Employing Model-Eliciting Activities in Cybersecurity Education
Primary Investigator:
Baijian Yang
Mayari Serrano, Prof. Alejandra Magana, Prof. Baijian Yang
Abstract
College cybersecurity courses should ensure that the activities employed can engage students in learning and allow translation from conceptual knowledge to practice. We propose to use model-eliciting activities (MEAs) to develop students’ representational fluency in the cybersecurity domain. The cybersecurity topic chosen for the MEA implementation was Hyper-Text Transfer Protocol Secure (HTTPS). The MEA developed, “Migration to HTTPS”, comprises core concepts of HTTPS and their application on a real-world cybersecurity tasks. The activity was pilot tested with a group of 12 third-year Electrical and Computer Engineering undergraduate students who participated in a five-hour workshop in cryptography.

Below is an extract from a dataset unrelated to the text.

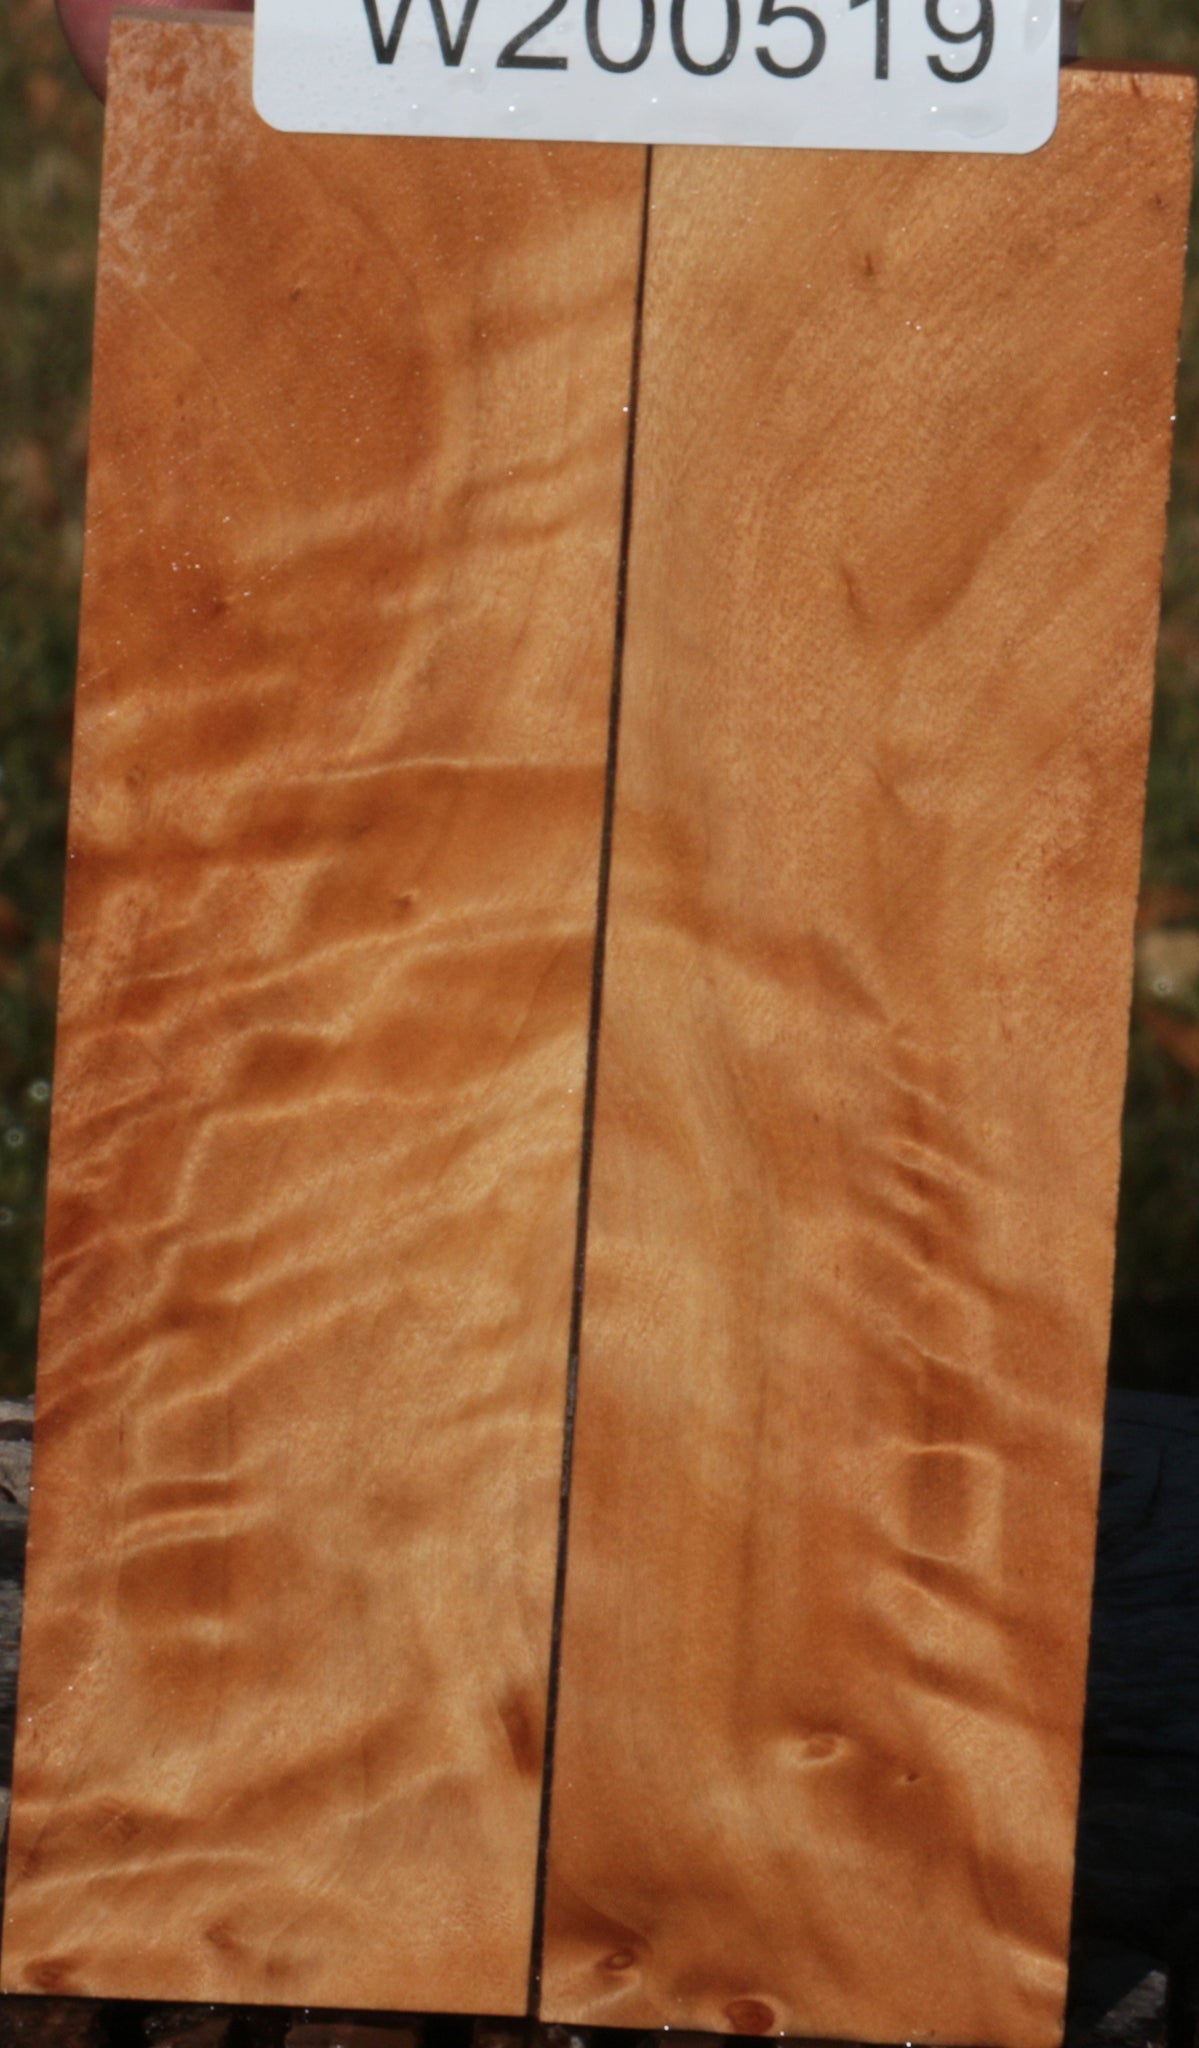 California Cottonwood Burl Bookmatched Knife Scales

In this paper we describe the underlying learning theory that guided our rationale for using MEA as a pedagogical approach to promote deep learning in cybersecurity principles. We also illustrate how design principles were applied to construct a “Migration to HTTPS” MEA, along with the justifications of how learning objectives were aligned with the assessment procedures. We then explain how the MEA was implemented followed by presenting the results of our pilot study. The paper concludes with the implications of the MEA and future work to future promote teaching and learning in Cybersecurity education.